* [Goal of the exercise] Could you repeat, word for word, only the lines from the one containing "100% Natural, Not" through the final line of the records below?

(Recorded data)

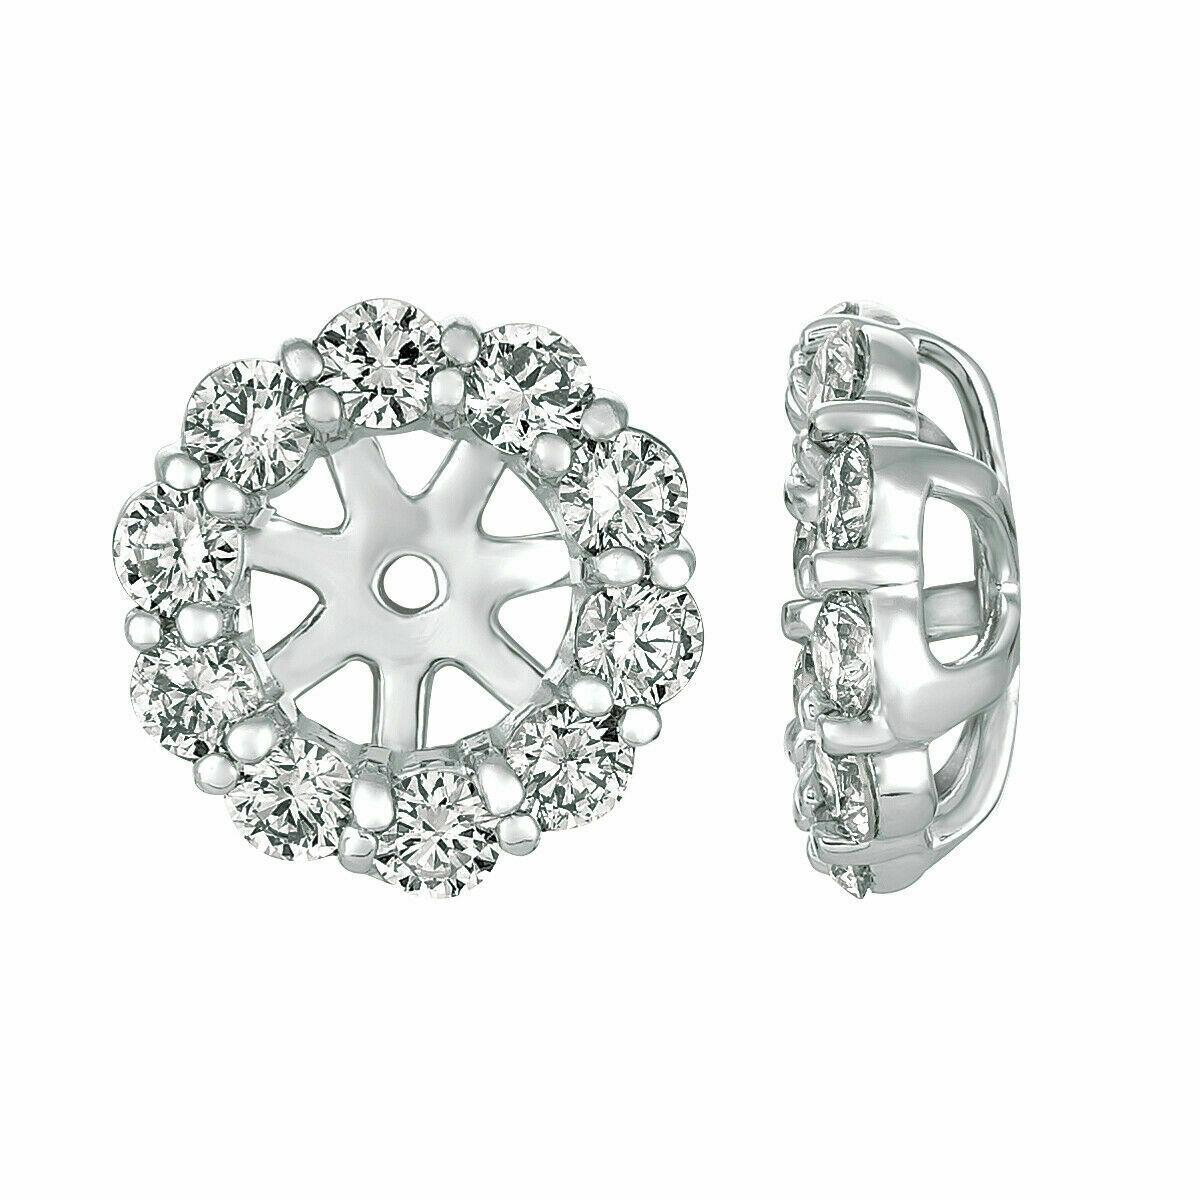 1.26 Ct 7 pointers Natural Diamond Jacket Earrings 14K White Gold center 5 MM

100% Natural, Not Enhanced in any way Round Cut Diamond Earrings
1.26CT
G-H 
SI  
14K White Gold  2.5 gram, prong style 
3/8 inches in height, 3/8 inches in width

* [Exercise answer]
100% Natural, Not Enhanced in any way Round Cut Diamond Earrings
1.26CT
G-H 
SI  
14K White Gold  2.5 gram, prong style 
3/8 inches in height, 3/8 inches in width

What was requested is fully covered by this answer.